* **WHAT YOU WILL DO**
Output exactly, and only, the lines below from the one with "Pedro Sánchez contra las fresas" down to the one with "Revere 9ct Gold". Include both end lines and no pictures.

===== DATA TO PROCESS

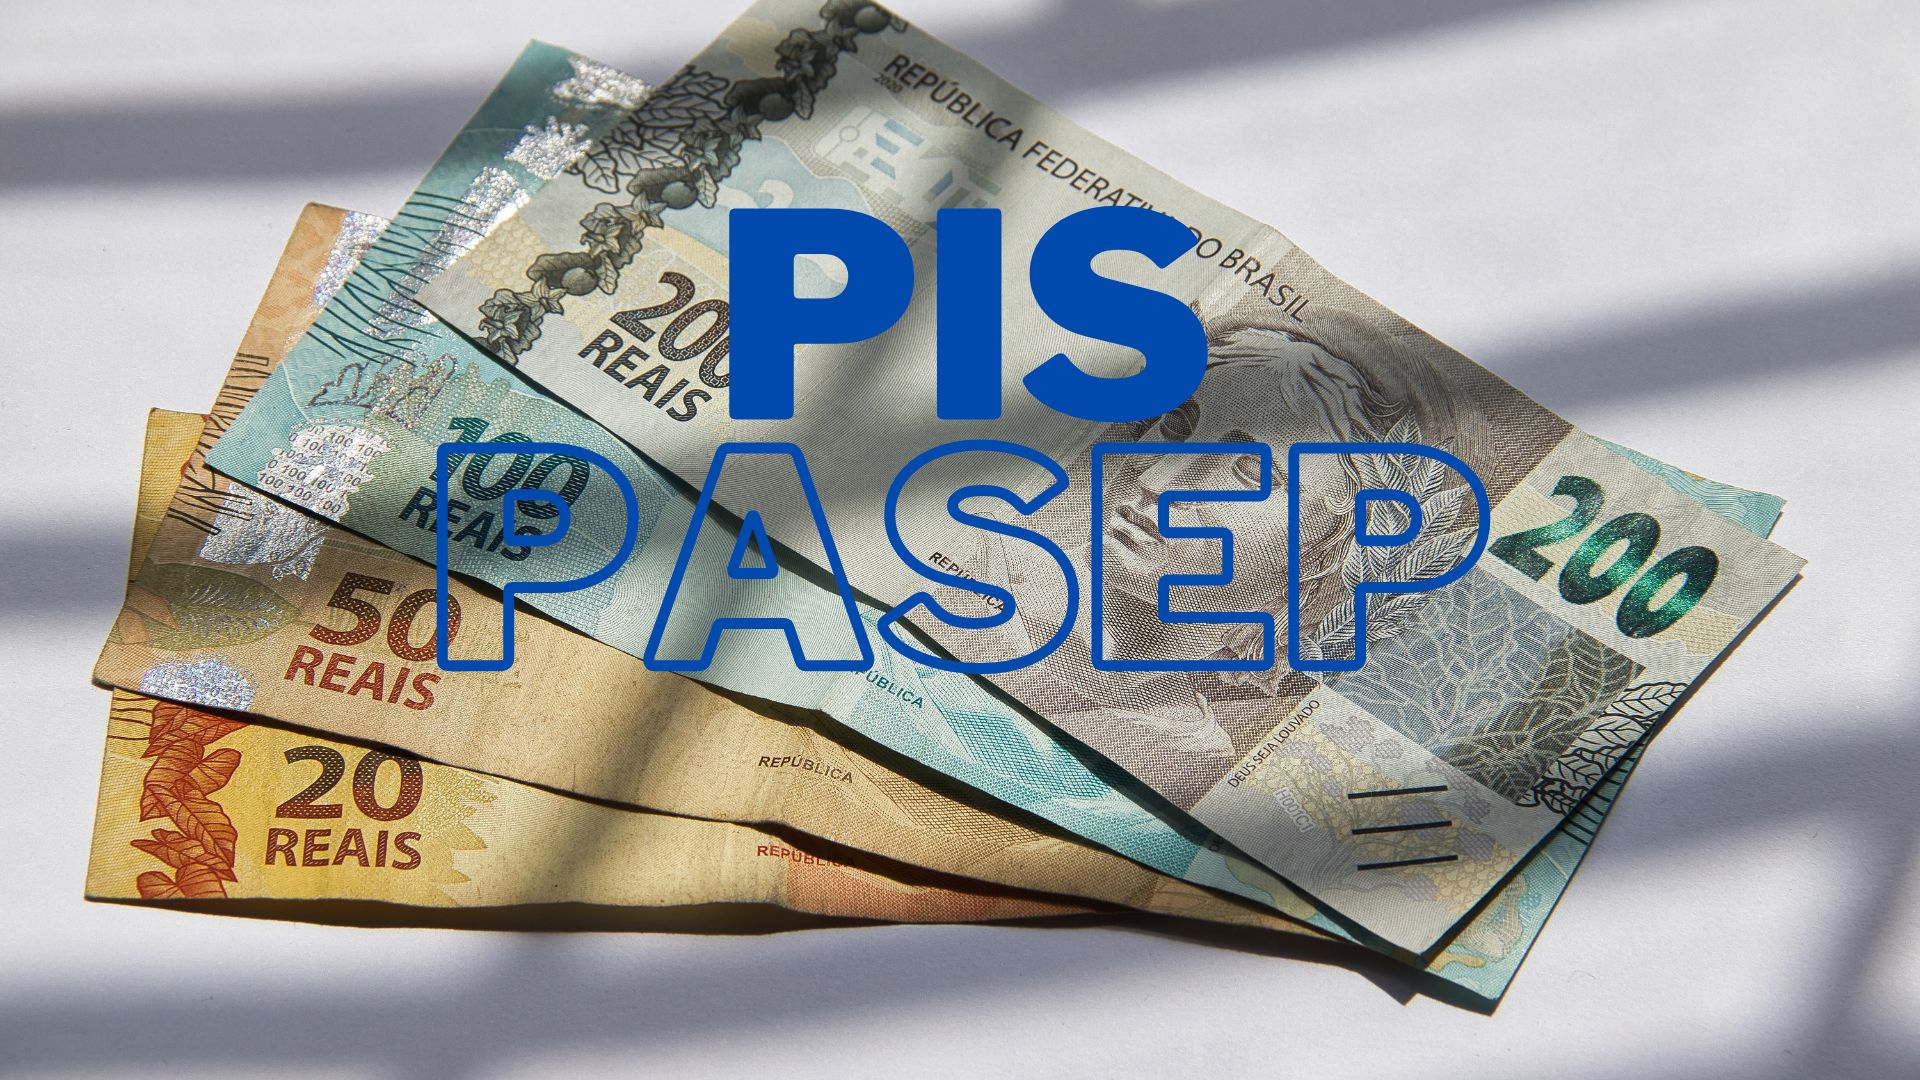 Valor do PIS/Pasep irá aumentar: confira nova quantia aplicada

==========
===== DATA TO PROCESS

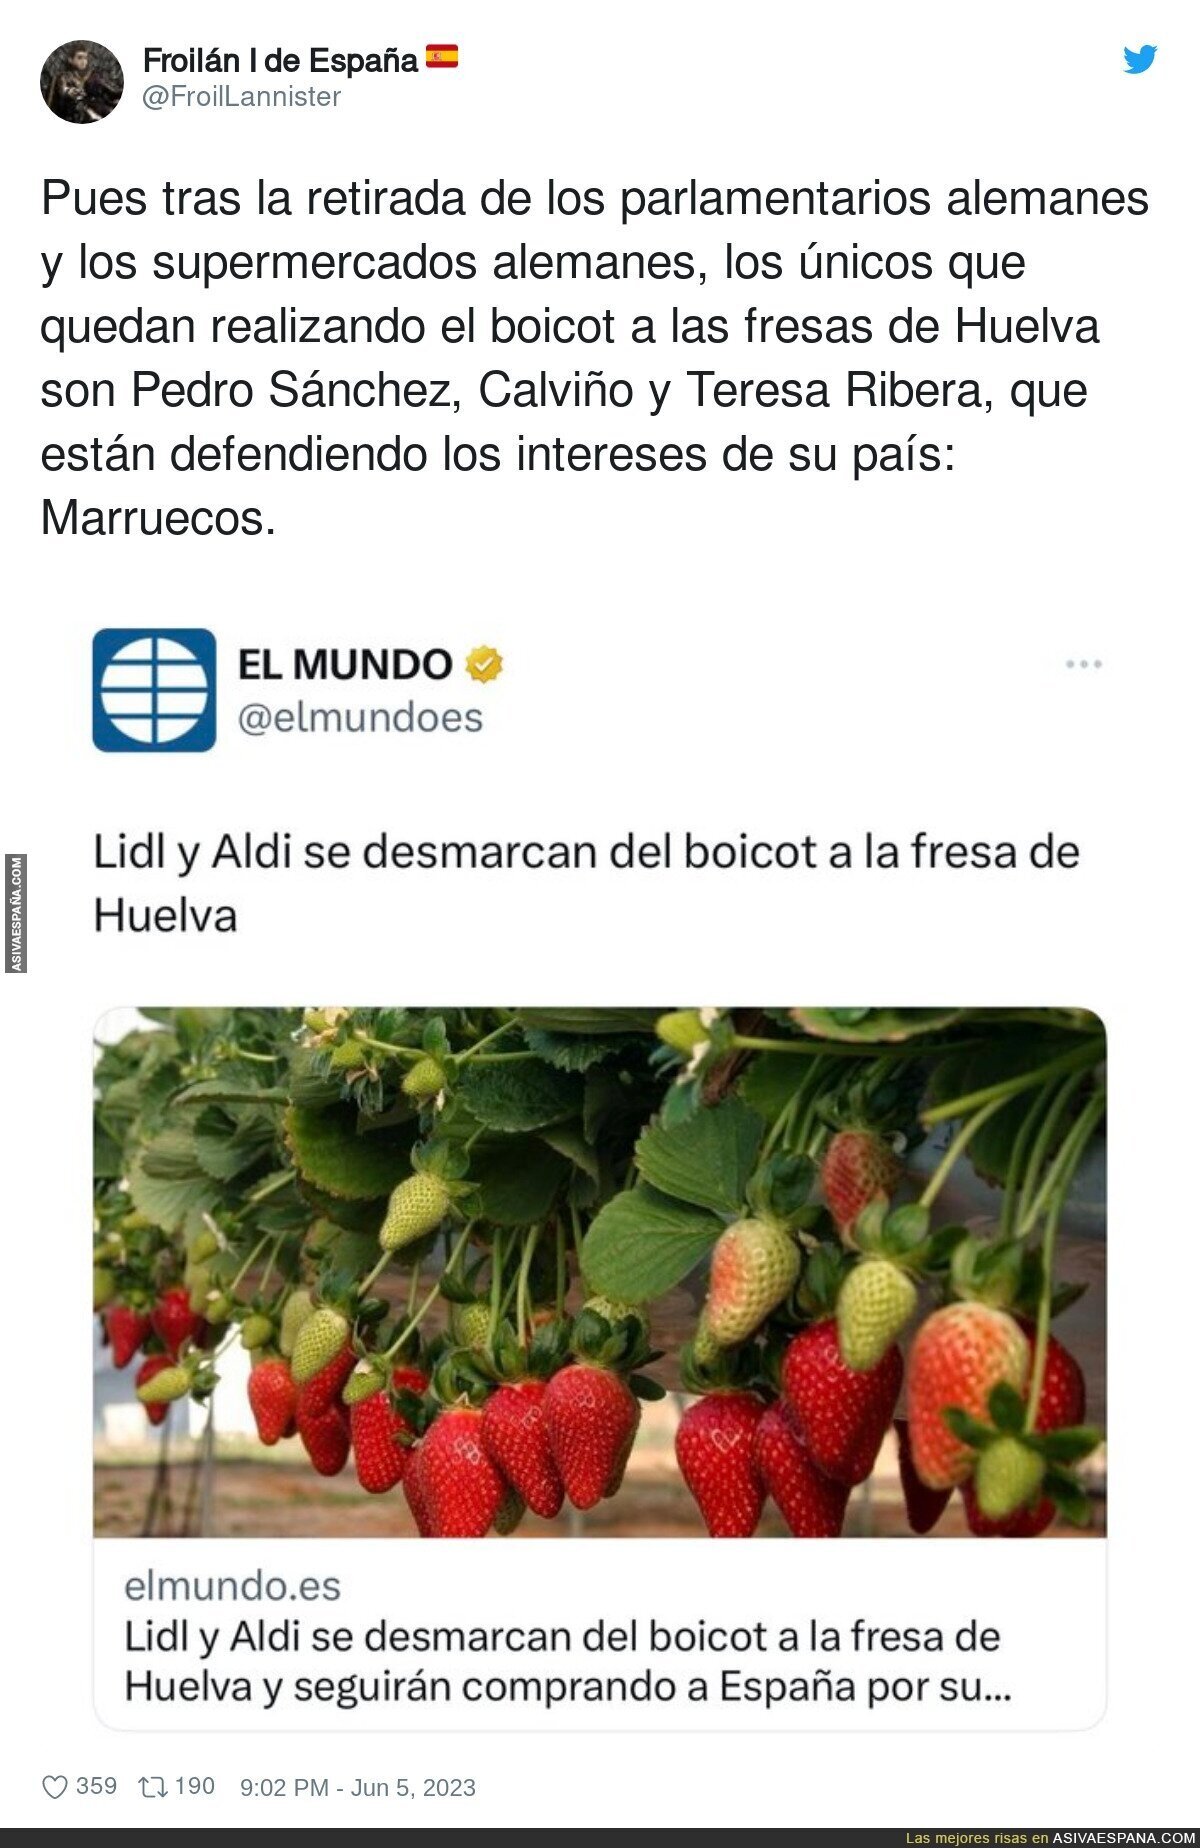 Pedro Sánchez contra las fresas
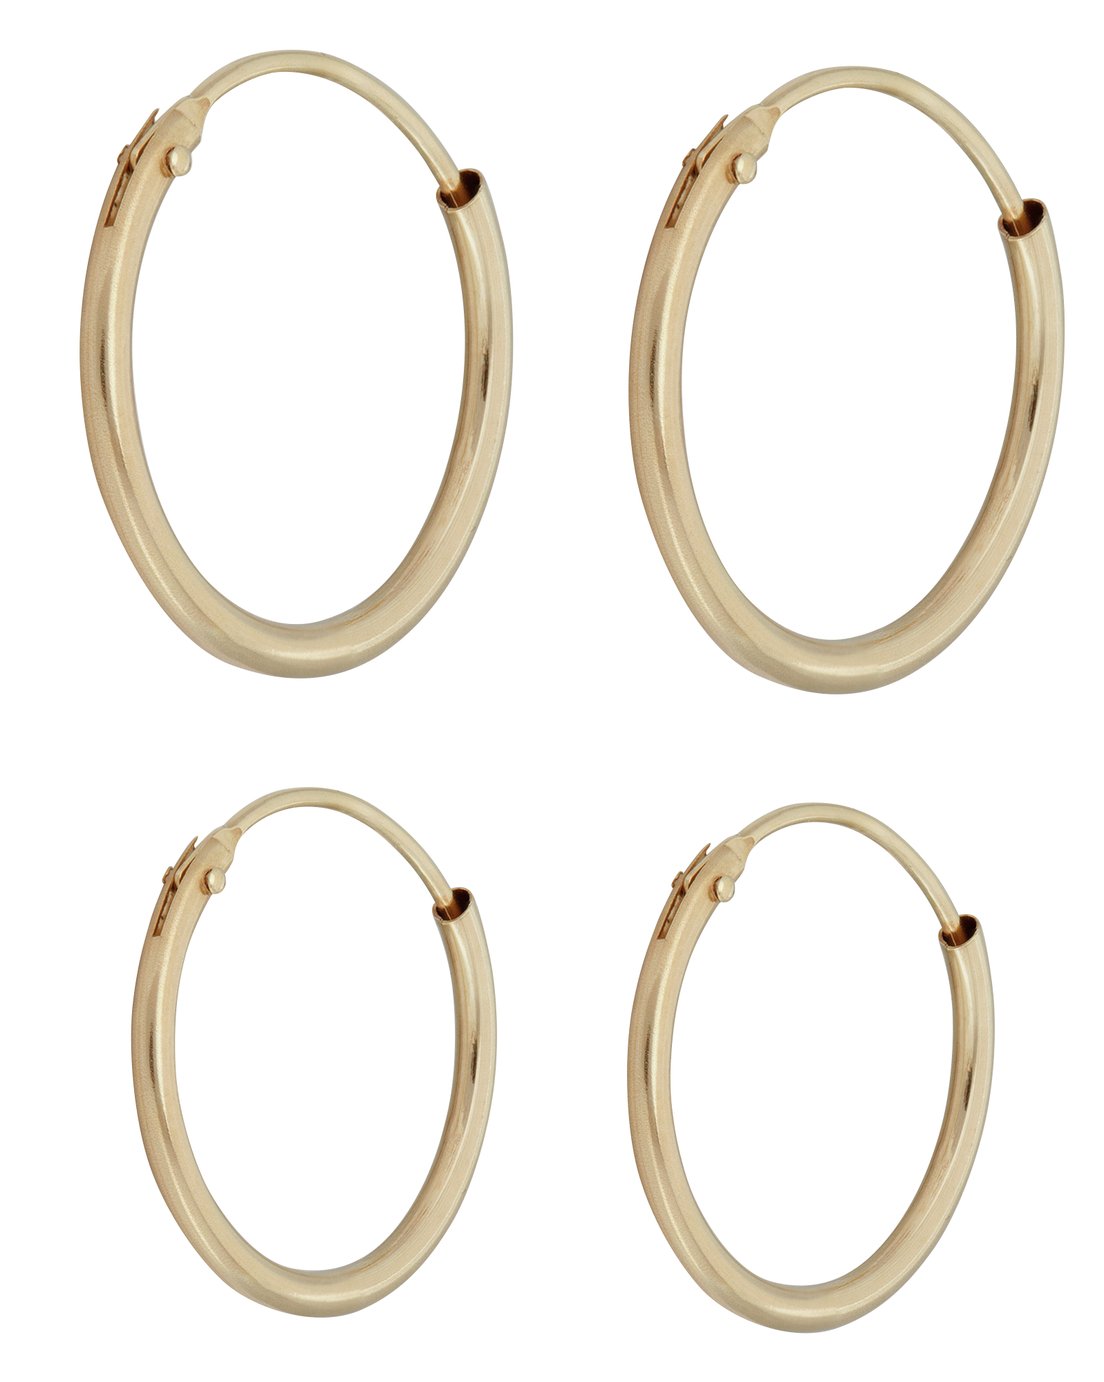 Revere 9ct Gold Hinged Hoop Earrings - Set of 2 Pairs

==========

* **EXERCISE ANSWER**
 Pedro Sánchez contra las fresas
 Revere 9ct Gold Hinged Hoop Earrings - Set of 2 Pairs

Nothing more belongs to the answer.